Liquidity relief to taxpayers, employers and employees

The first tranche of the AtmaNirbhar economic package was focused on small industries (MSMEs) while some relief was also given to the honest taxpayers, employees, and employers because the economic package is also for the middle class of the country, which pays taxes honestly and contributes to the development of the country.  The Finance Minister announced a slew of measures to give relief to the taxpayers. These include a reduction in rates, to the extension of compliance dates for IT returns and prompt tax refunds. Three major takeaway for taxpayers are:

  1. TDS / TCS Reduction In order to provide more funds at the disposal of the taxpayers, the rates of Tax Deduction at Source (TDS) for specific non-salaried payments and Tax Collection at Source (TCS) for specific receipts will be reduced for 25% of the existing rates. Payments for interest, rent, dividend, commission, contracts, etc shall be eligible for this reduced rate of TDS. The government expects that the reduction in rates will help out Rs.50,000 crore in the hands of the people in the form of liquidity, which they otherwise would have paid as tax.
  2. Income Tax: The due dates of all income tax returns for the year 2020-21 will be extended to Nov30, 2020. Similarly, the tax audits will be extended to Oct31,2020. The dates for the making payment without an additional amount under Vivad Se Vishwas scheme will also be extended to Dec31,2020. Hence the extension of due dates will enable the taxpayers to defer the payment without attracting any interest.
  3. Tax Refunds:All pending refunds to Charitable trusts, non-corporate businesses, and professions like proprietorship, partnership, LLP, and Co-operatives to be issued immediately. Thus, ensured Rs.18,000 crore refunds given to taxpayers, the intention being liquidity in the hands of the people. The government highlighted that 14 lakh payers will be benefited from the cleaning of the IT refunds. However, opposition leaders wondered how the money that the government anyway owed to the citizens was labeled as a relief measure to combat the pandemic.

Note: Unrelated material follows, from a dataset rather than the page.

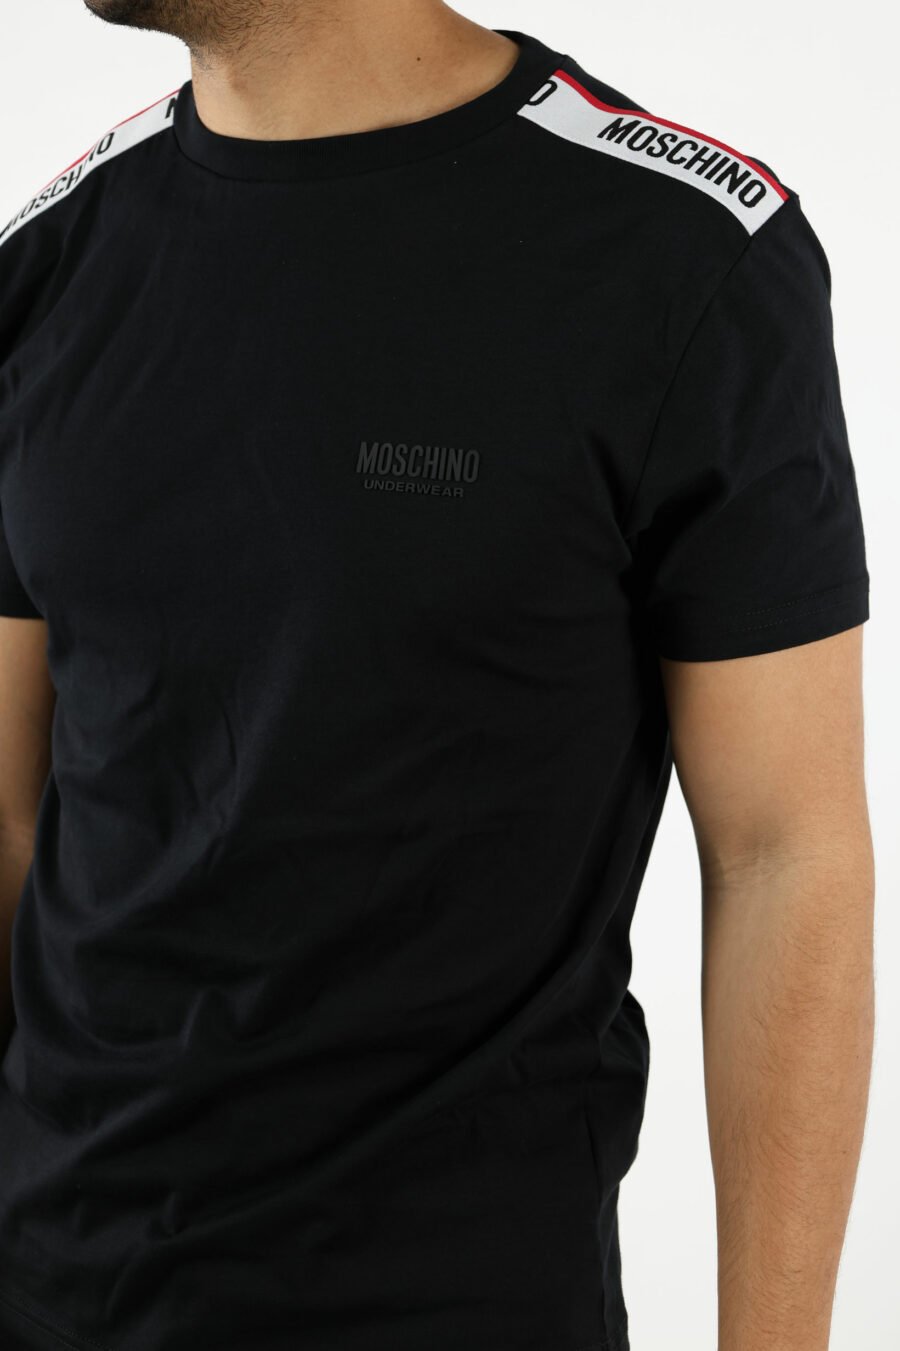 T-shirt noir avec logo blanc et ruban rouge sur les épaules - 110981

It has to be noted that these measures don’t bring down the tax liability of taxpayers, it leaves more money with them adding the course of the financial year.

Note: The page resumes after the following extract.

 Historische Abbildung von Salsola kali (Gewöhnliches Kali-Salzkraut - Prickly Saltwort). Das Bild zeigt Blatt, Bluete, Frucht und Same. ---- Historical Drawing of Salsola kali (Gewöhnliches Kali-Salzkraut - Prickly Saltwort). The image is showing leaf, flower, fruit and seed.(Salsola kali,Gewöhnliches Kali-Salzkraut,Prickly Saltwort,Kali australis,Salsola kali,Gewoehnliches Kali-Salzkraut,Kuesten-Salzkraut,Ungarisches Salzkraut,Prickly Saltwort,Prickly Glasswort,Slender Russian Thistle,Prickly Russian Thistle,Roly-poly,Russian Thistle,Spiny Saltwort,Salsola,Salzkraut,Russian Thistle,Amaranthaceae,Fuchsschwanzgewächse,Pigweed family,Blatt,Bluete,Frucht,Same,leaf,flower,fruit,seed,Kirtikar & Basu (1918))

In a relief to the employers and employees, the government made two key announcements regarding a contribution towards the Employee Provident Fund.  First, the extension of EPF benefits for another 3 months (Jun to Aug) for companies employing up to 100 workers of which 90% less than Rs.15,000 per month. Second, the reduction of the Statutory Provident Fund contribution by both employers and employees to 10% of basic wages from the existing 12% for the next three months. This decision has been taken to facilitate more take-home relief salary for employees and give relief to employers in payment of PF dues resulting in liquidity ease of Rs.6,750 which will have an impact on 4.3 crore employees and 6.5 crore employers.

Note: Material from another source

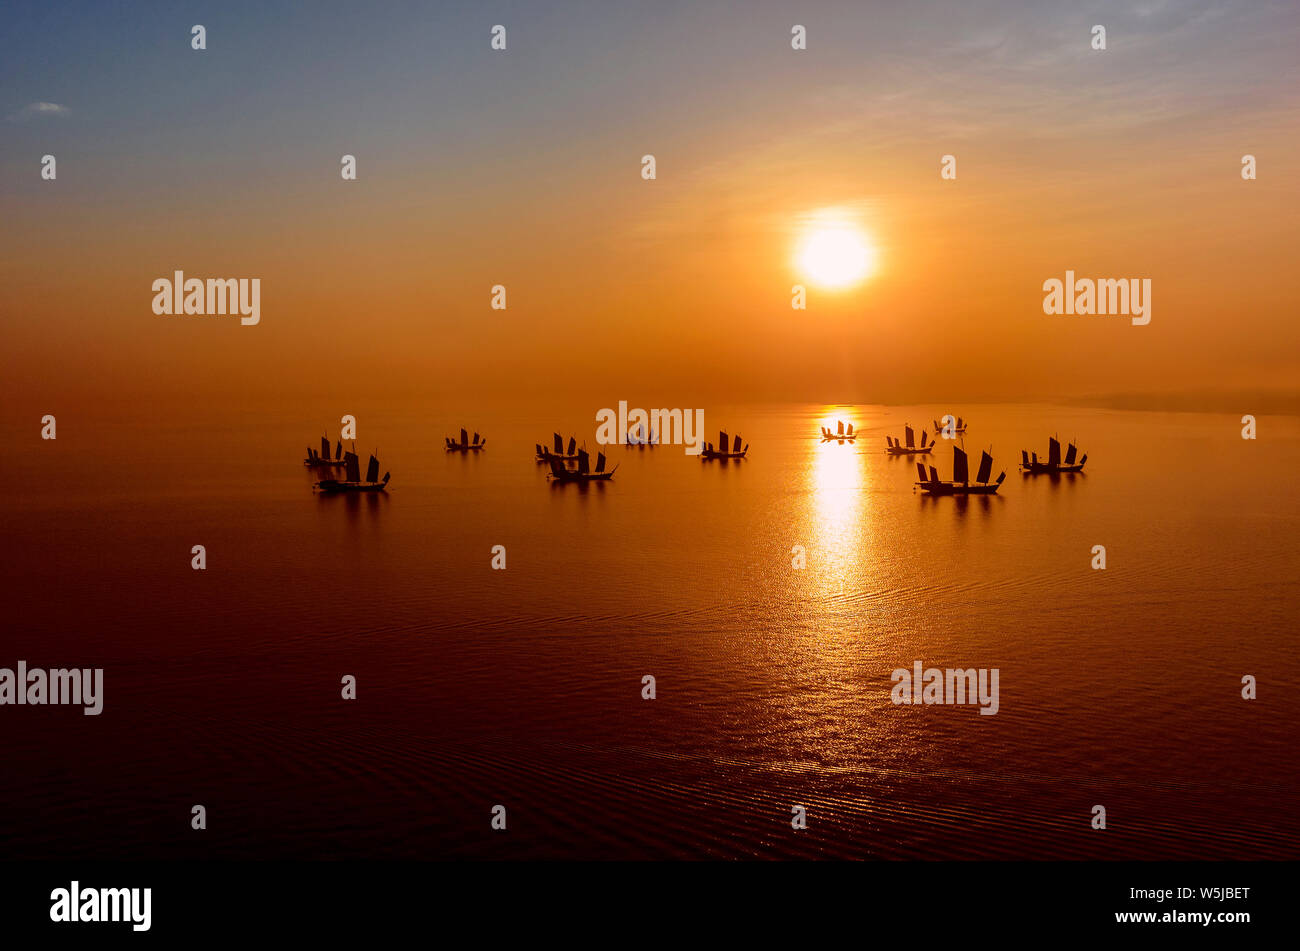 Fishing junks at sunrise on Lake Tai, Huzhou, China Stock Photo

As per the aforementioned measures taken by the government, it can be concluded that the Indian economy needs both supply and demand measures for the revival. And the government also focused on both sides. For supply-side measures, the government aimed at activating business in the MSMEs, real estate, etc, and to boost the demand government aimed at increasing the disposal income of households through cash transfers and tax concessions.